■ INFORMATION SUPPLIED:
━━━
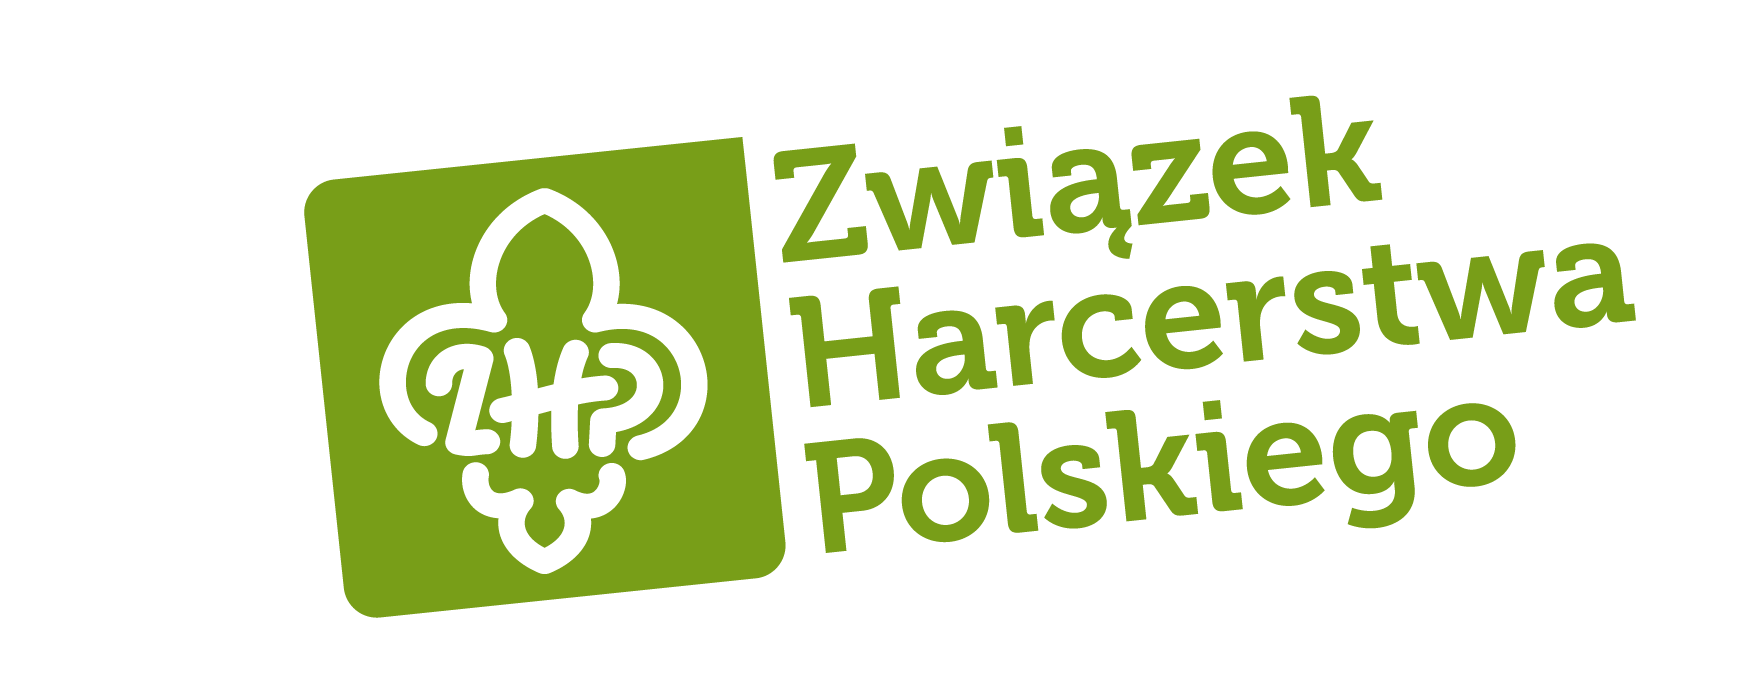 http://zhp.pl
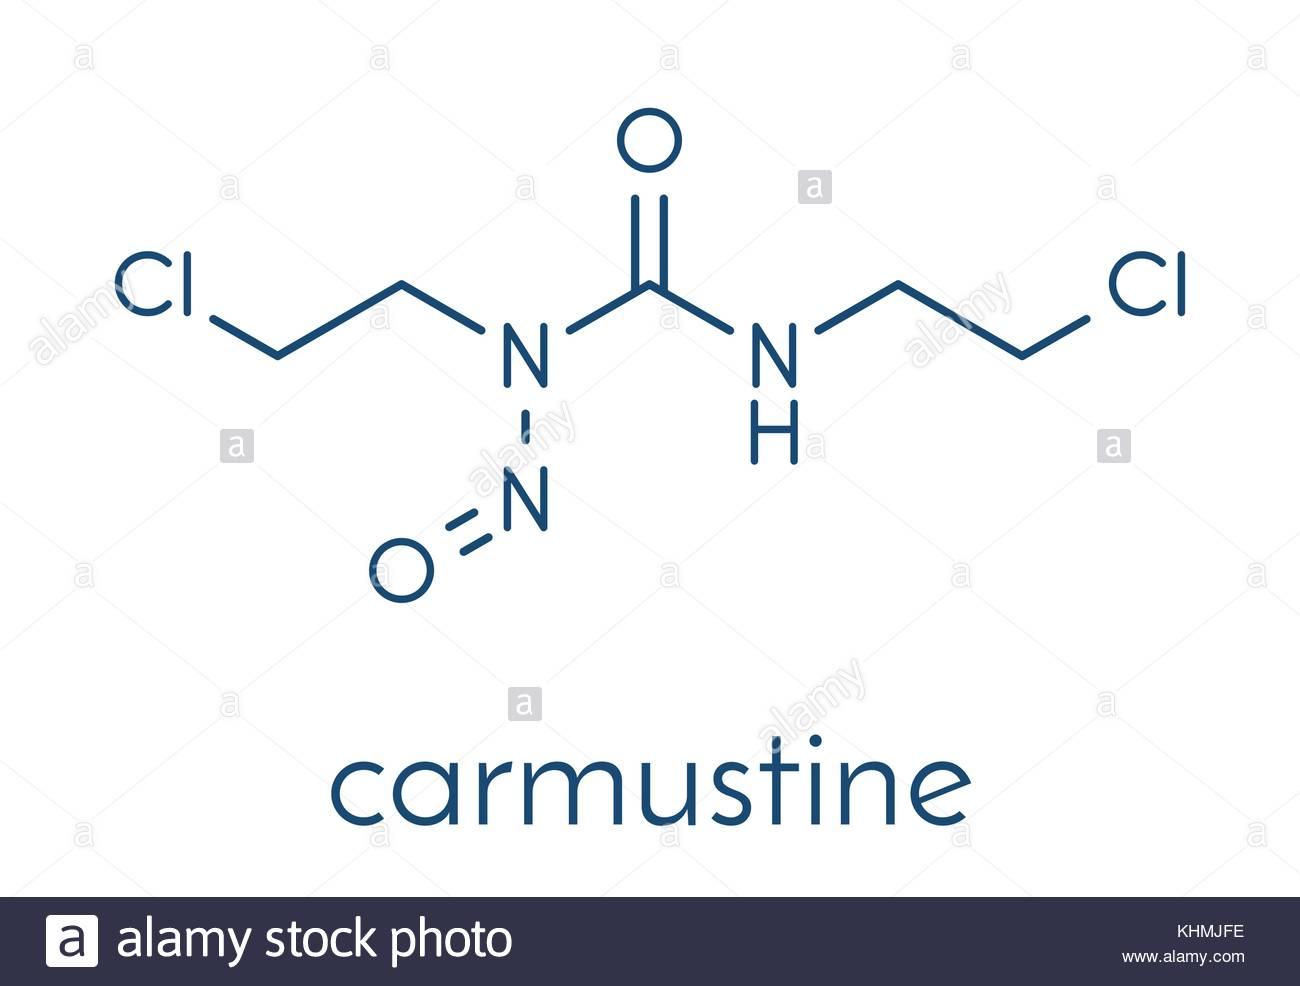 La carmustina (BCNU), medicamentos de quimioterapia del cáncer molécula  fórmula esquelética. Imagen
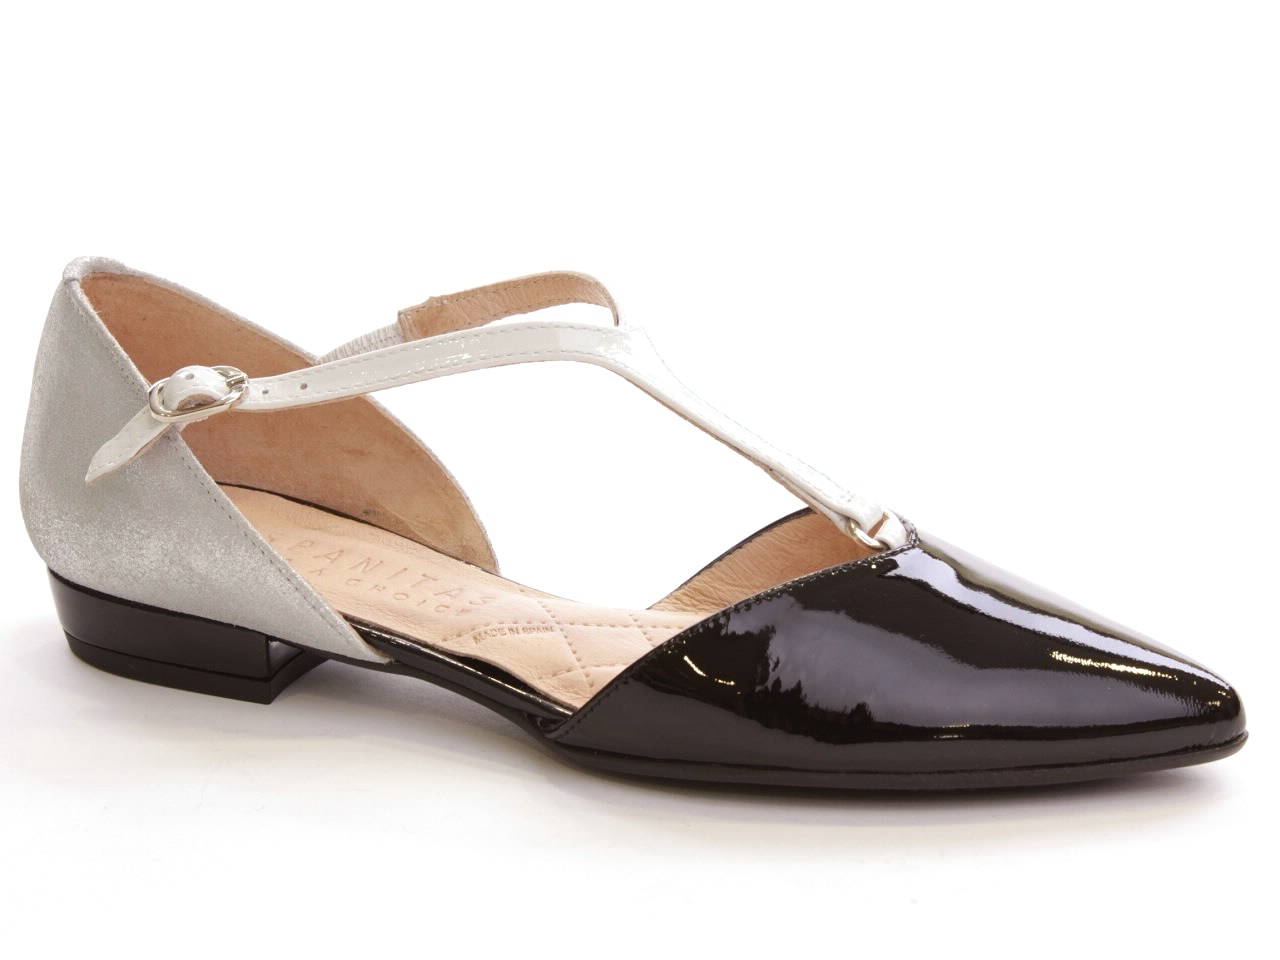 Flat Shoes, Ballerinas, Mocassins Hispanitas - 165 CHV51191
━━━
■ TASK DESCRIPTION: Print the material again word for word. Please drop every picture.

■ RESPONSE AREA:
 http://zhp.pl
 La carmustina (BCNU), medicamentos de quimioterapia del cáncer molécula  fórmula esquelética. Imagen
 Flat Shoes, Ballerinas, Mocassins Hispanitas - 165 CHV51191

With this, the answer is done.